XTDB compared to other databases

XTDB, the database that Biff uses by default, is still fairly niche. Why not go with Postgres? Datomic is another relevant option since it has a lot in common with XTDB and has been around longer. I’ve used and like all three databases, but XTDB is my personal preference. I’d like to explain that here, especially for anyone who’s considering using Biff and is wondering if XTDB is a good fit for them.

As always, I’m speaking from the standpoint of a solo developer; my analysis would be different if I were, say, the head of an engineering department. In particular, I’m making the assumption that any differences in query and transaction performance will be unimportant for my apps (with the exception of latency differences, discussed in the next section). If you’ll be deploying something at scale, that’s not an assumption you should make. These databases all have vastly different implementations; better to run some tests and see what the performance actually looks like for your use case.

As another disclosure I should mention that JUXT (the company behind XTDB) sponsors Biff.

XTDB vs. Postgres

The main architectural difference to Postgres is that XTDB is immutable. When you submit a transaction, XTDB puts it into a log of some sort. That log could be stored in Kafka, the local filesystem, Postgres*, … the implementation is pluggable. Then you can have any number of XTDB nodes (JVM processes) which consume the transaction log and use it to create queryable indexes on the node’s local filesystem (typically with RocksDB). These indexes let you query the database at any point in time: transactions that were indexed after the point you specify will be ignored. This architecture comes with several benefits and at least one downside you should be aware of.

\*And yes, this means that using XTDB “instead” of Postgres sometimes technically means using XTDB on top of Postgres.

First of all, since queries are served from local indexes, you get “read replicas”/caches for free. If your app is written in Clojure or another JVM language, it can run in the same process as the XTDB node, which means queries don’t even require a network hop. That makes it easier to write HTTP endpoints with low response times, especially when there’s complex logic involved. I’ve found this particularly helpful in my own work building recommender systems, which are very read heavy.
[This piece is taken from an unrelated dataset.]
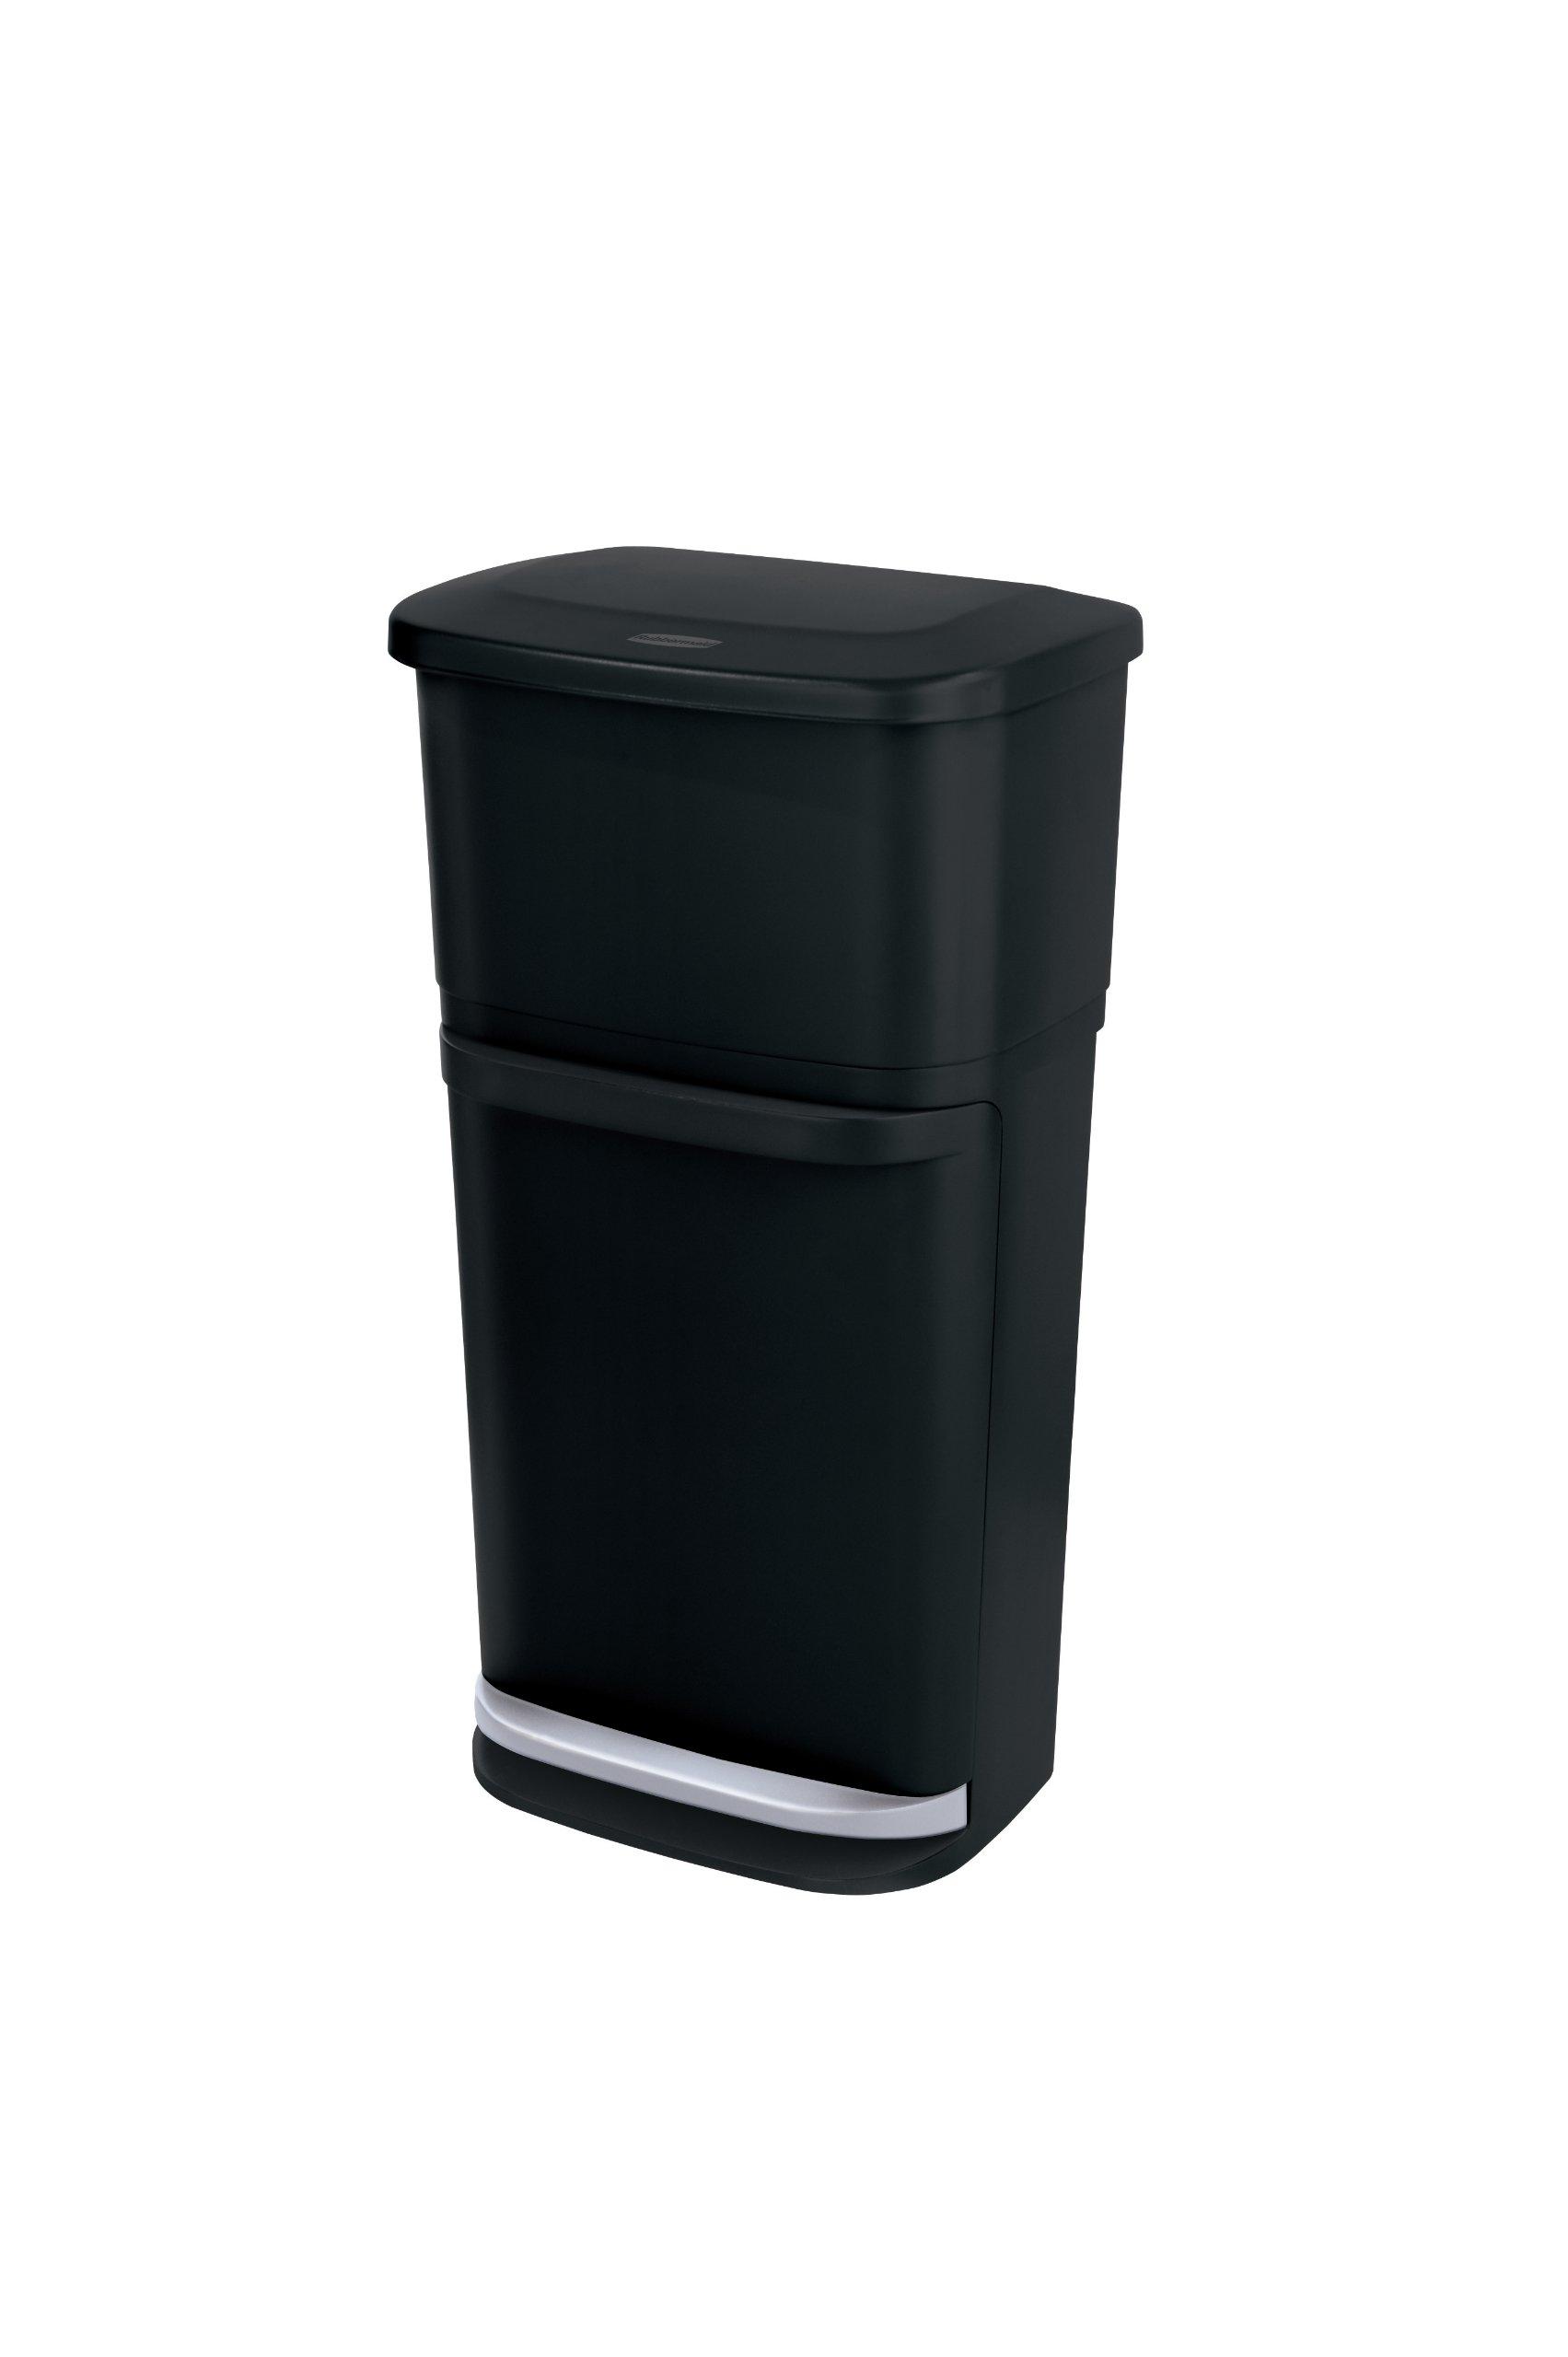 Rubbermaid 1819956 2-in-1 Recycler, Black by Rubbermaid

You also have the option of running your XTDB nodes in dedicated processes and querying them over HTTP. You could still get some latency benefits from this setup if you put your app servers and XTDB nodes close together, e.g. with Fly. (Speaking of Fly, these latency benefits are the same as what you get from distributed SQLite.)

Another benefit of immutability is that it’s easy to recover data without going through a separate backup system, in the same way that it’s easy to recover deleted code from old git commits. Even when you “delete” a record, you can still go back and see all the previous versions of that record and restore it if needed. When you do need to permanently delete data—e.g. when a user wants to delete their account—there is an “evict” operation.

In a similar vein, you also don’t have to worry about what timestamps you might need to store. If your records have a foo column and you later decide you need a foo_added_at column, you can run a migration that inspects each record’s history and backfills foo_added_at for existing records.

The number of times I’ve actually done either of those things is only a few, but in the day-to-day I still benefit from peace of mind/not even having to think about it.

Finally, immutability can be handy for debugging. For example, your HTTP request logs can include the point in time at which the database was being queried within that request, which makes it trivial to rerun the queries and get the same results later on. In Clojure, I’ll often save an incoming HTTP request to a var so I can manipulate it in the REPL; it’s convenient that the request includes a snapshot of the database. Pure functions can take the database snapshot as a parameter and remain pure.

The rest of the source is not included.